━━ RECORD SET ━━

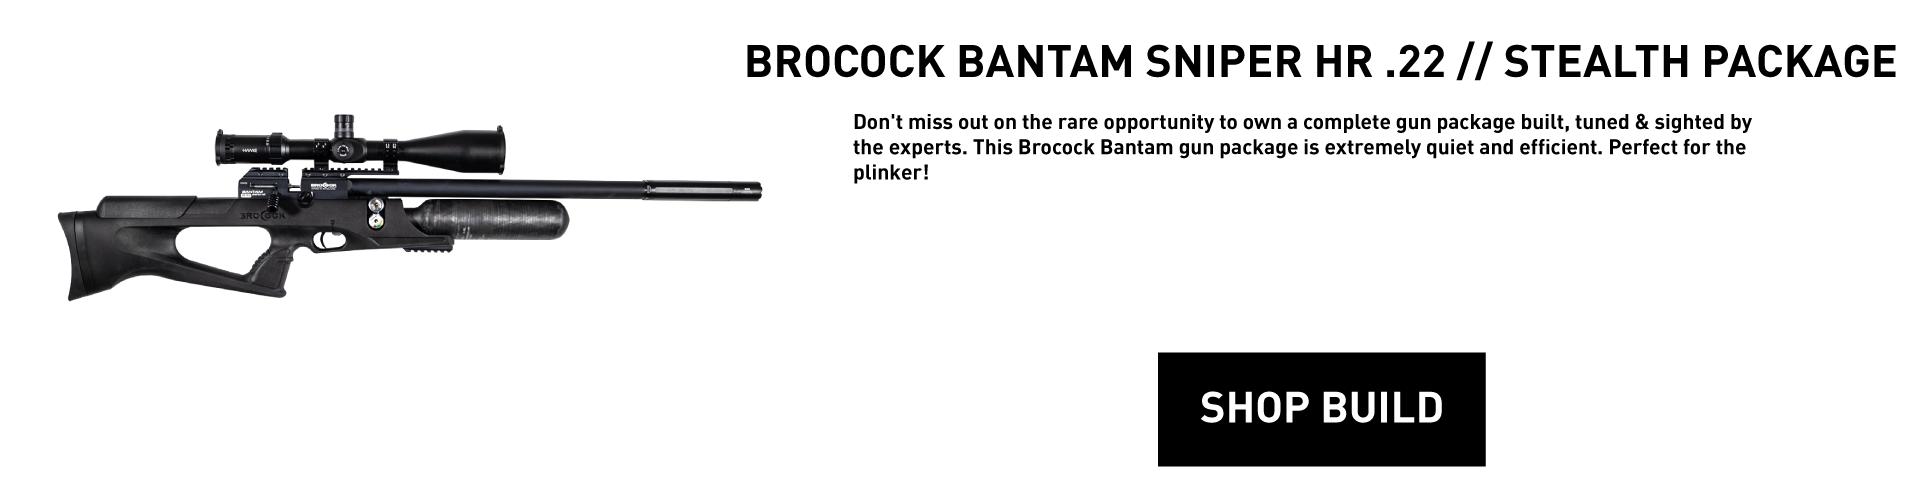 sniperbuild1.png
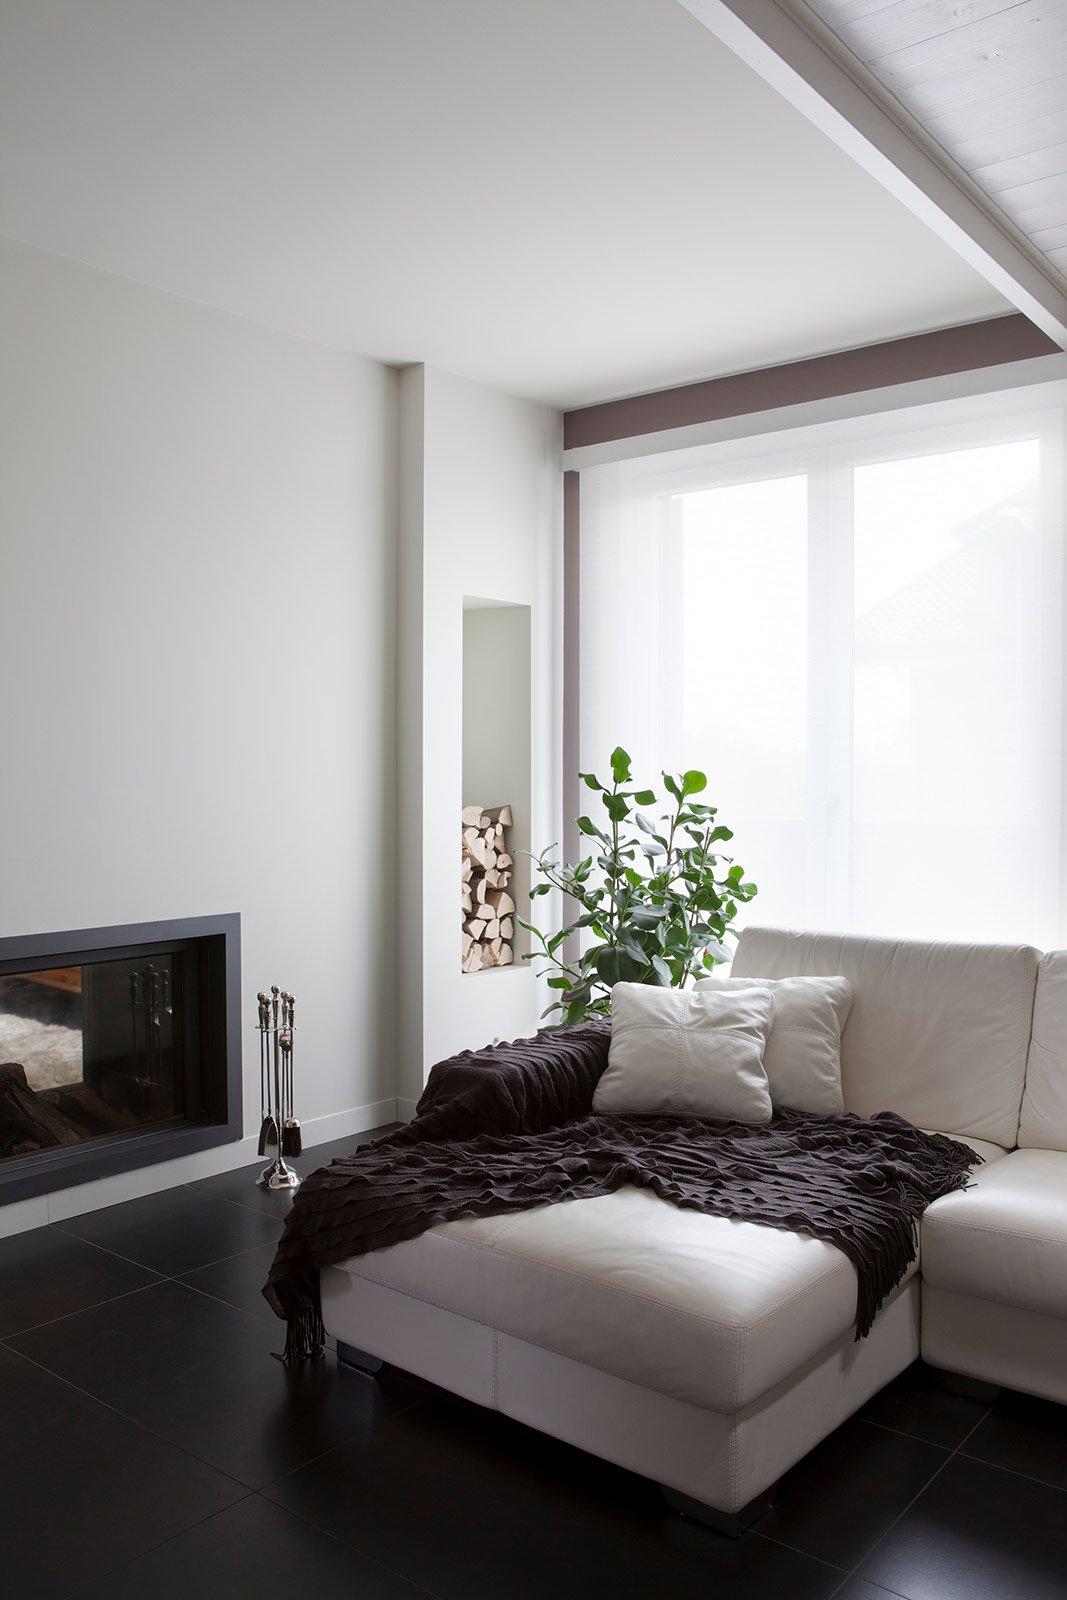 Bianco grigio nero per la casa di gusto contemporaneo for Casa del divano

━━━
━━ RECORD SET ━━

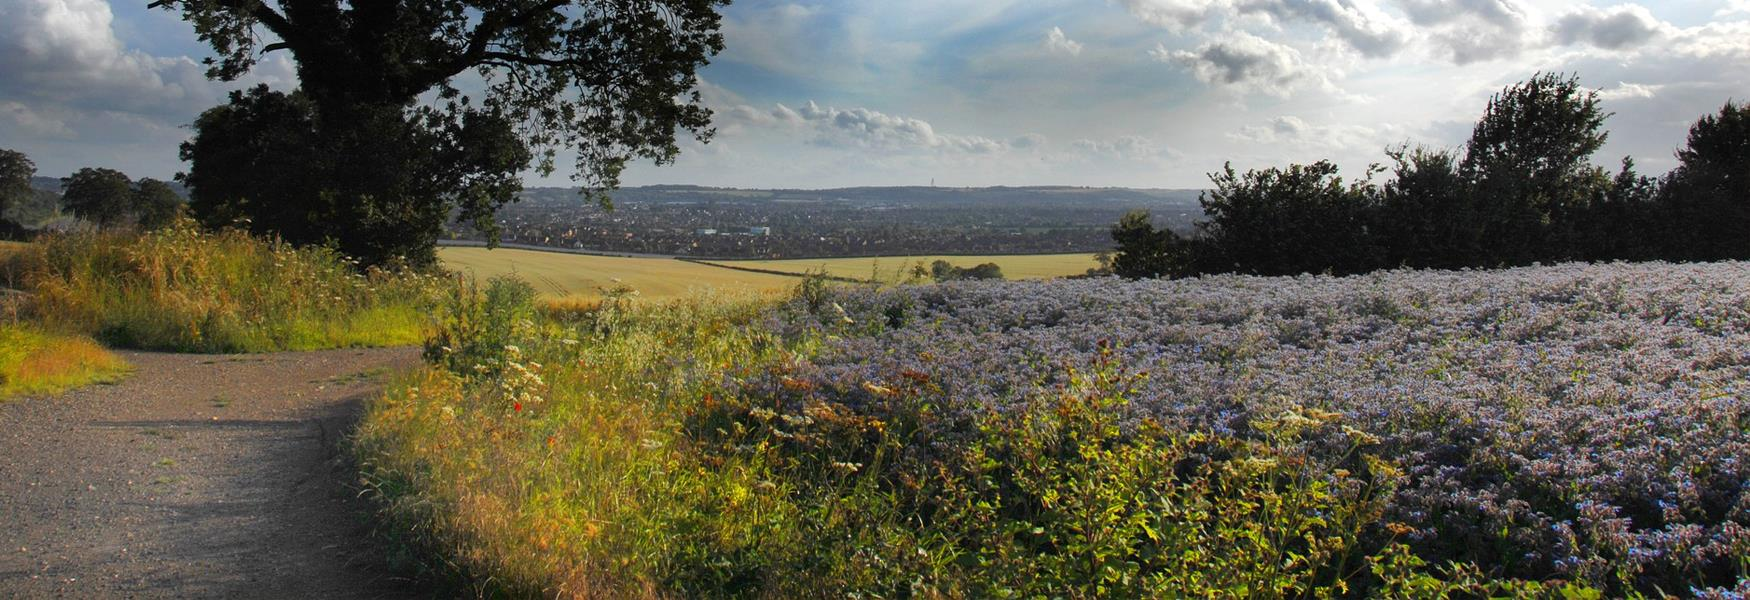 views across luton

━━━

WHAT IS BEING ASKED: Out of the records above, set down only the lines from the one that contains "sniperbuild1.png" through the one that contains "Bianco grigio nero", unchanged and without the pictures.

SOLUTION TO THIS TASK:
 sniperbuild1.png
 Bianco grigio nero per la casa di gusto contemporaneo for Casa del divano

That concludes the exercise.